Reputation: 705
I have a list of vectors of integers, for example:
set.seed(1)
vec_list <- replicate(100, sample(1:10000000, size=sample(1:10000, 100)), simplify=FALSE)
And a vector of integers, for example:
vec <- sample(1:10000000, size=10000)
How can I count the number of intergers in each vector in vec_list that appear in the vector vec? I can do this using a for loop. For example:
total_match <- rep(NA, length(vec_list))
for (i in 1:length(vec_list)){
total_match[i] <- length(which(vec_list[[i]] %in% vec))
print(i)
}
However, the list and vector I am trying to apply this too are very large, and this is slow. Please help with suggestions on how to improve performance.

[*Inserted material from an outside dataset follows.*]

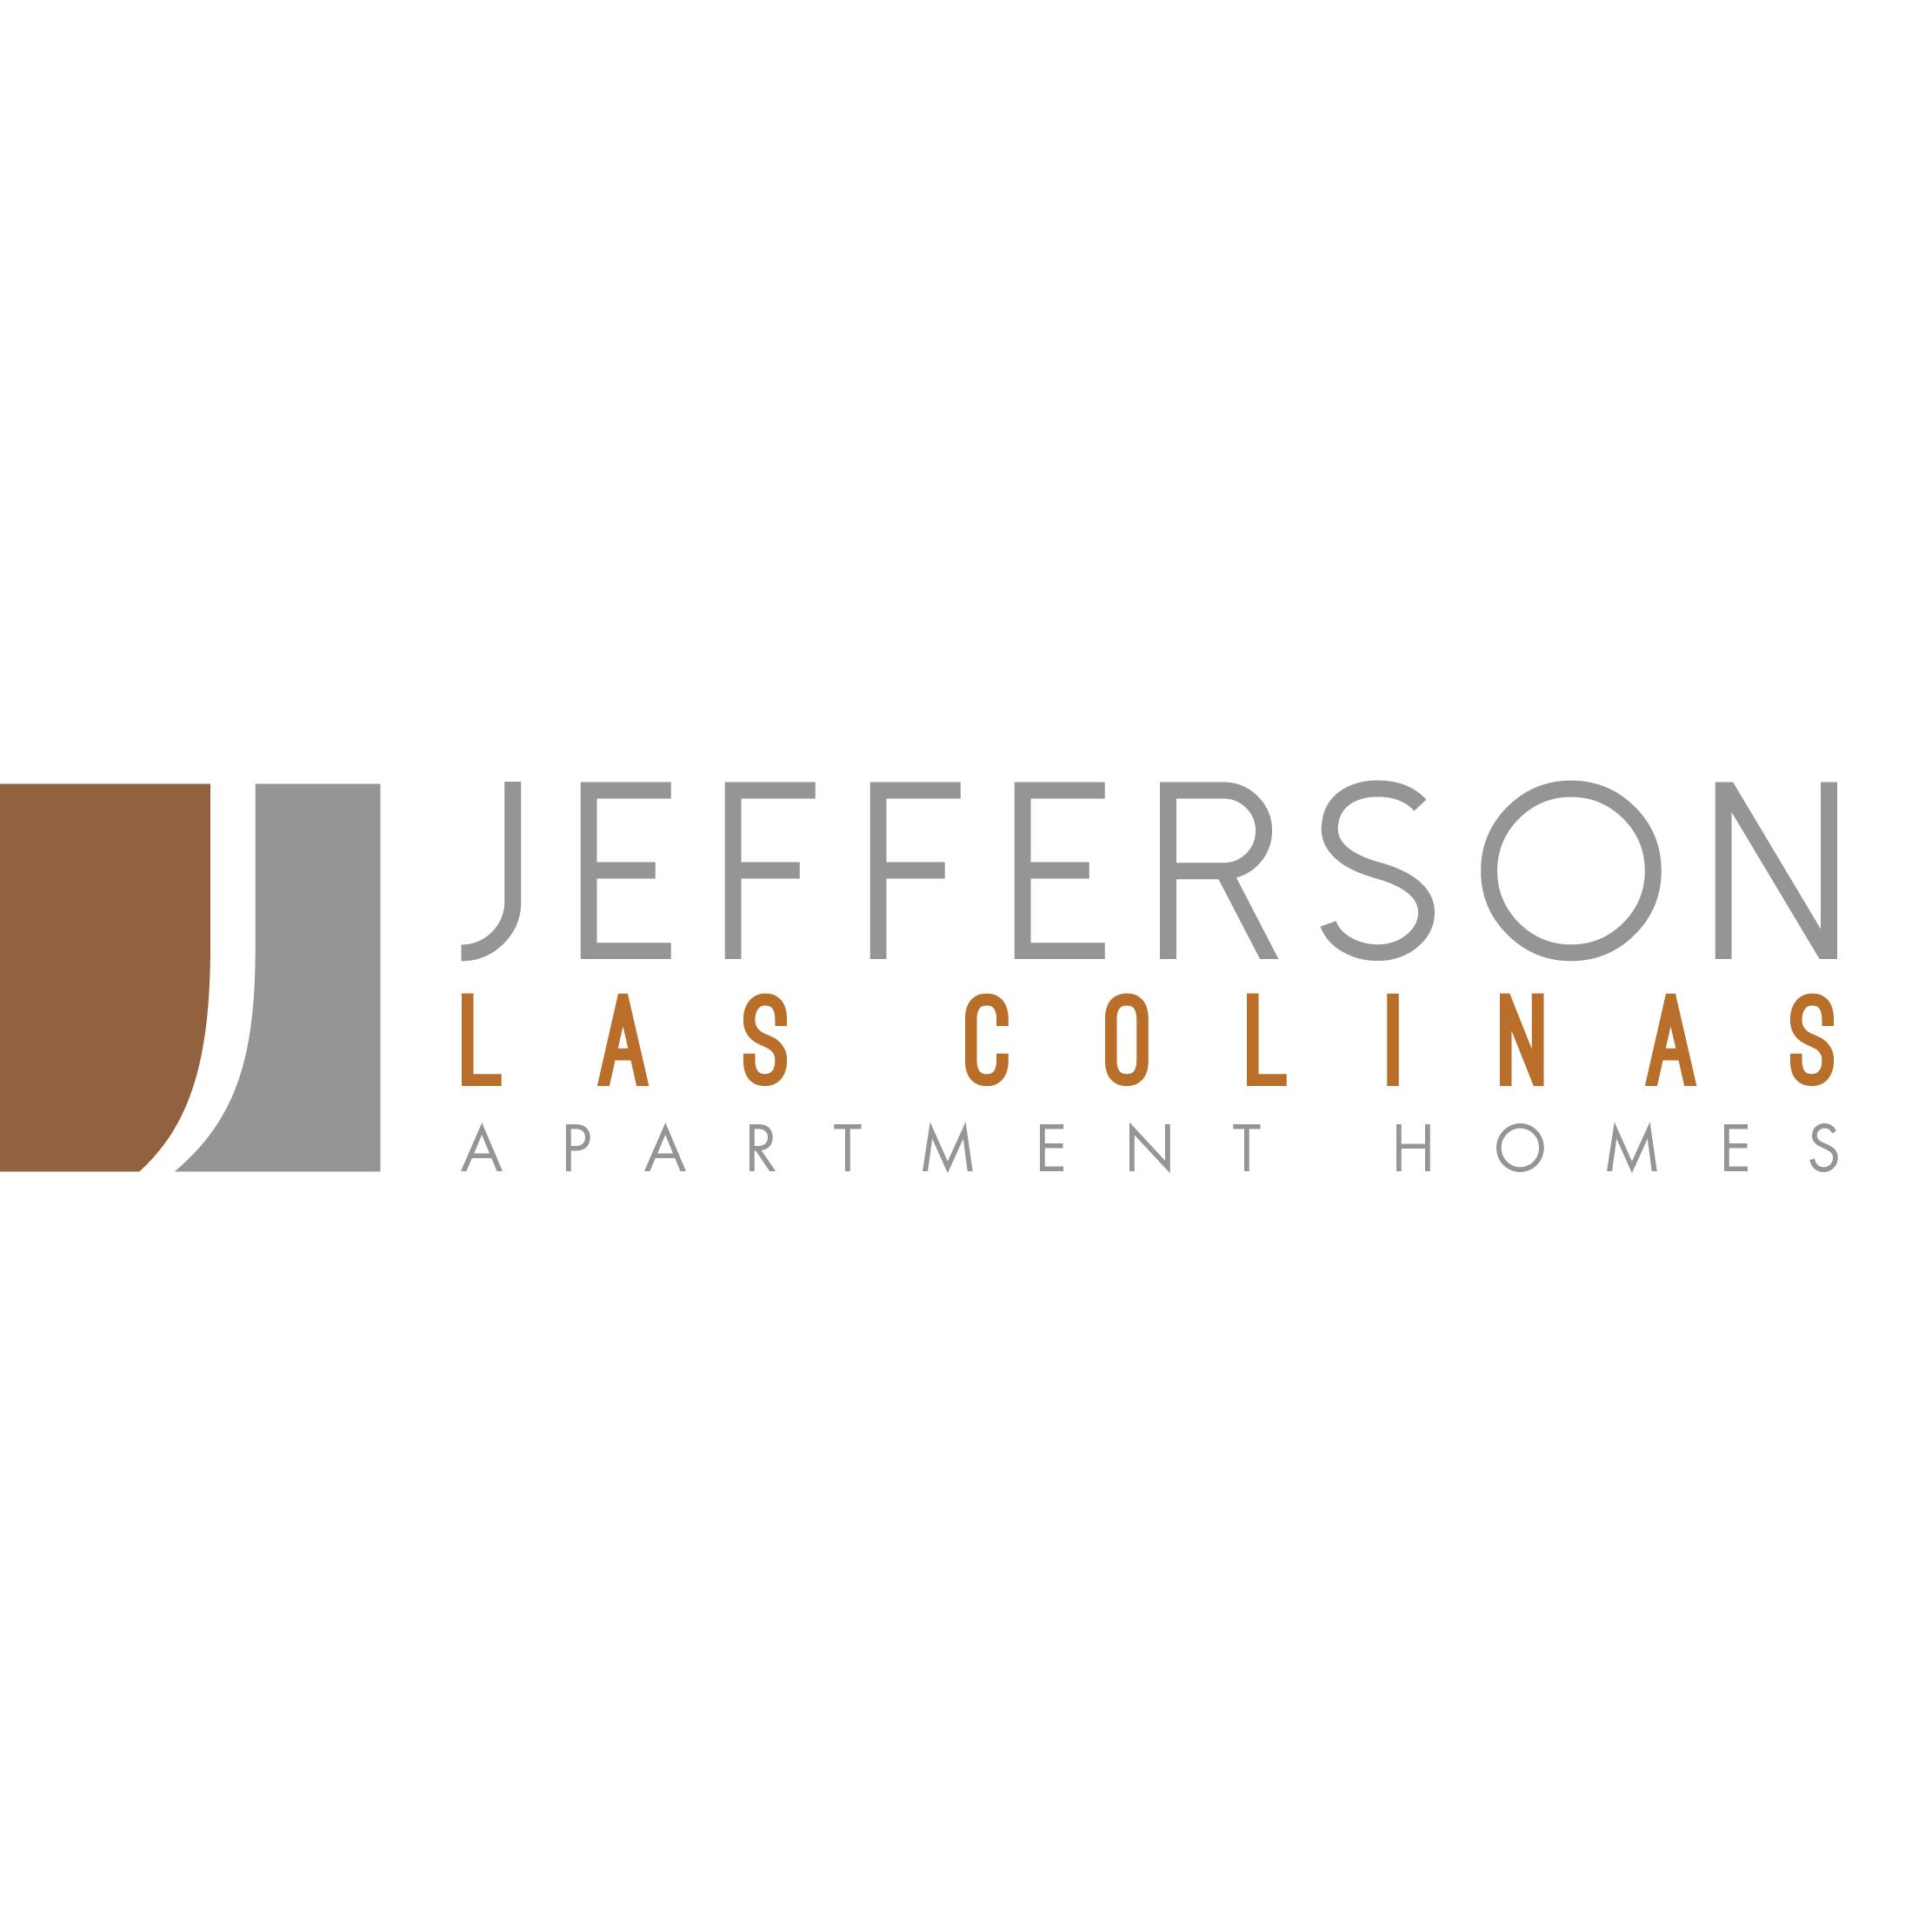 Jefferson Las Colinas Apartments

Using data.table is much faster, but does not return 0's when there are no matches. For example:
DT <- data.table(repid=rep(1:length(vec_list), sapply(vec_list, length)), val=unlist(vec_list))
total_match2 <- DT[.(vec), on=.(val), nomatch=0L, .N, keyby=.(repid)]$N
Upvotes: 2
Views: 504
Reputation: 66819
Another, a variant of @chinsoon's:
nvec = 5000
max_size = 10000
nv = 10000000
set.seed(1)
vec_list <- replicate(nvec, sample(nv, size=sample(max_size, 1)), simplify=FALSE)

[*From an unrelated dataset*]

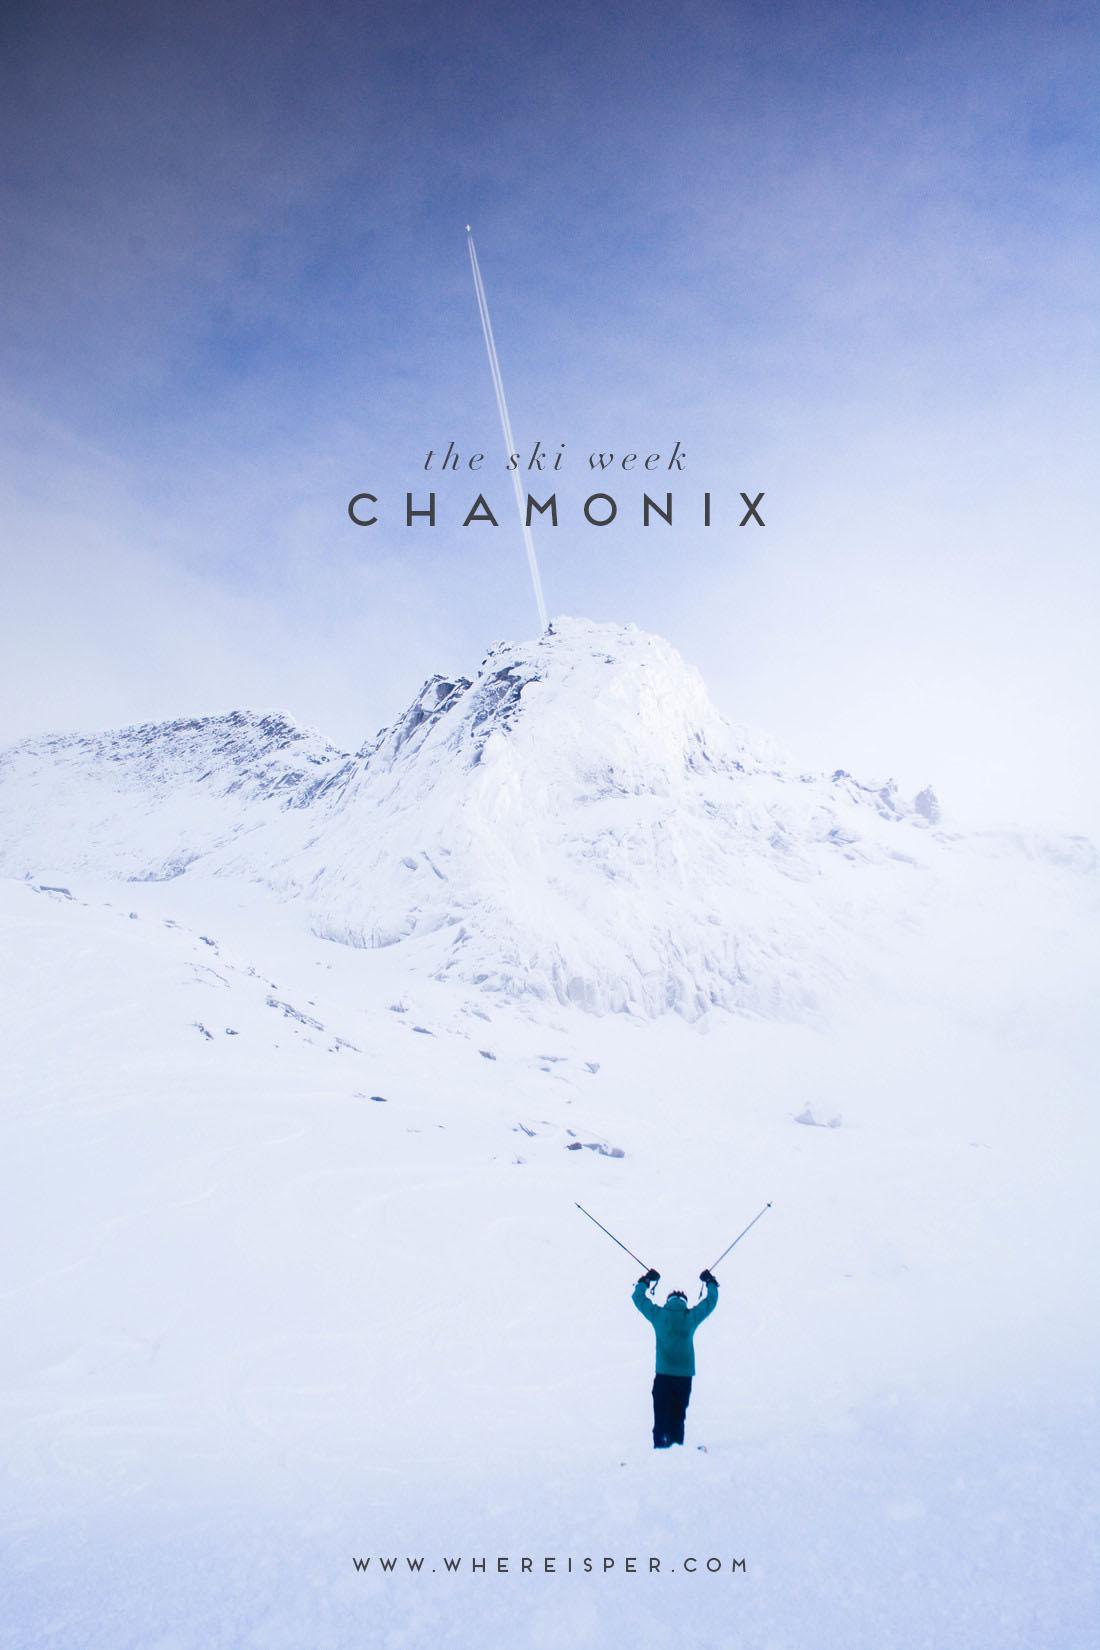 The Ski Week Chamonix

vec <- sample(nv, size=max_size)
system.time(
res <- rbindlist(lapply(vec_list, list), id=TRUE)[.(vec), on=.(V1), nomatch=0, .N, keyby=.id]
)
# user system elapsed
# 0.86 0.20 0.47
system.time({
DT <- setDT(stack(setNames(vec_list, 1:length(vec_list))))

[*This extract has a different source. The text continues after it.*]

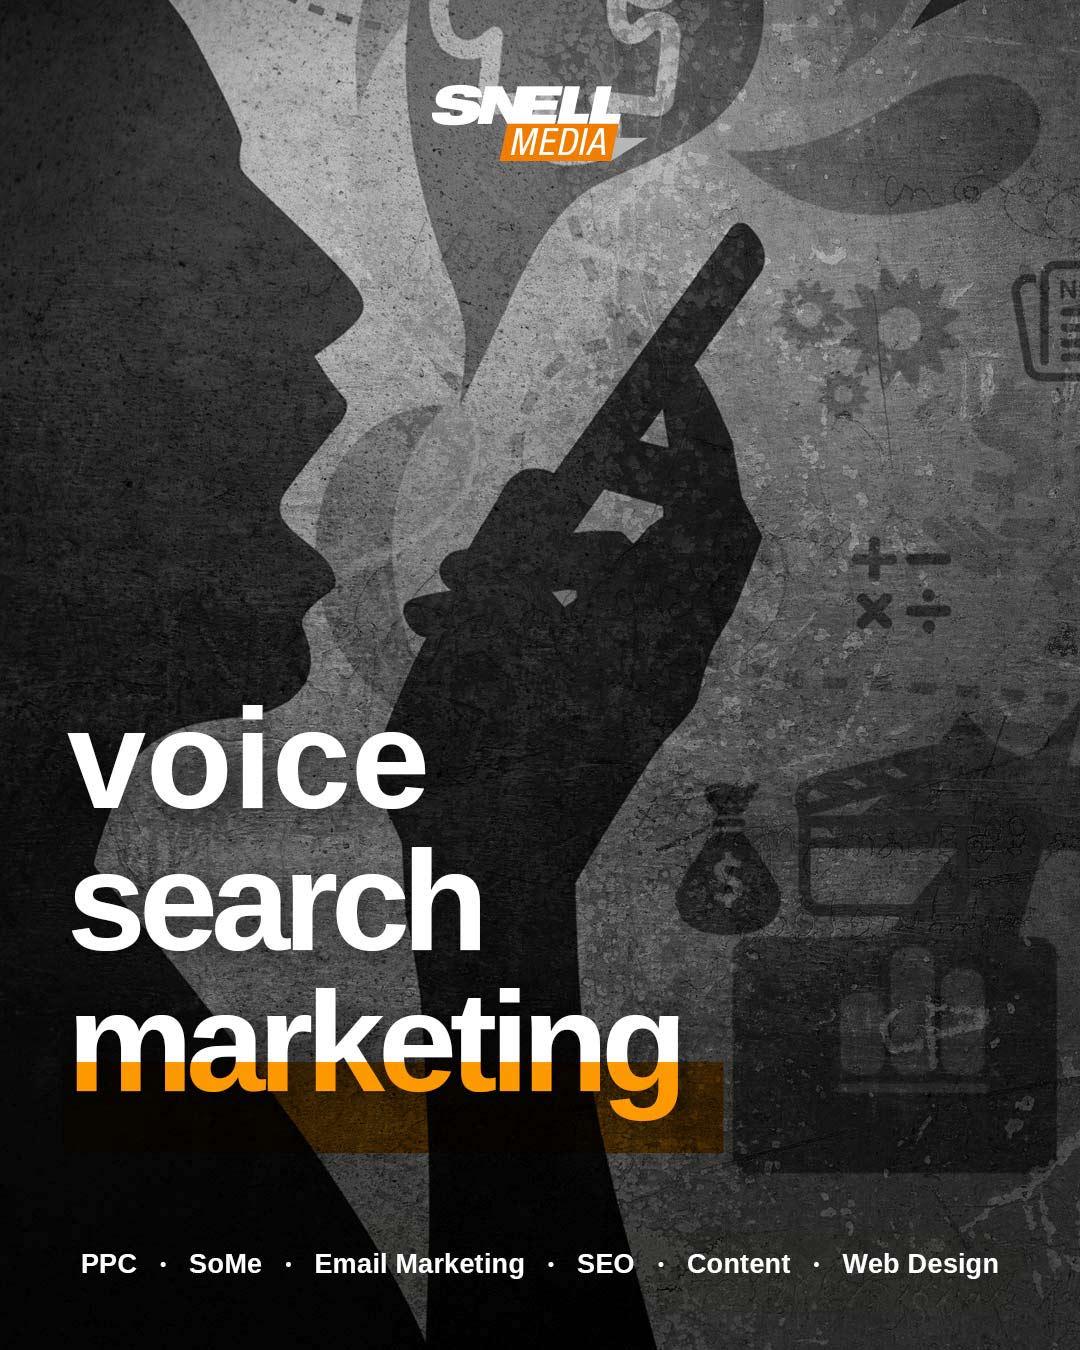 Voice Search Marketing 13th B2B Digital Marketing Trend

res2 <- DT[, x := +(values %in% vec)][, sum(x), keyby=.(ind)]$V1
})
# user system elapsed
# 1.03 0.45 1.00
identical(res2[res2 != 0], res$N) # TRUE
Upvotes: 1
Reputation: 25225
Maybe try:
DT <- setDT(stack(setNames(vec_list, 1:length(vec_list))))
DT[, x := +(values %in% vec)][, sum(x), keyby=.(ind)]$V1
Upvotes: 1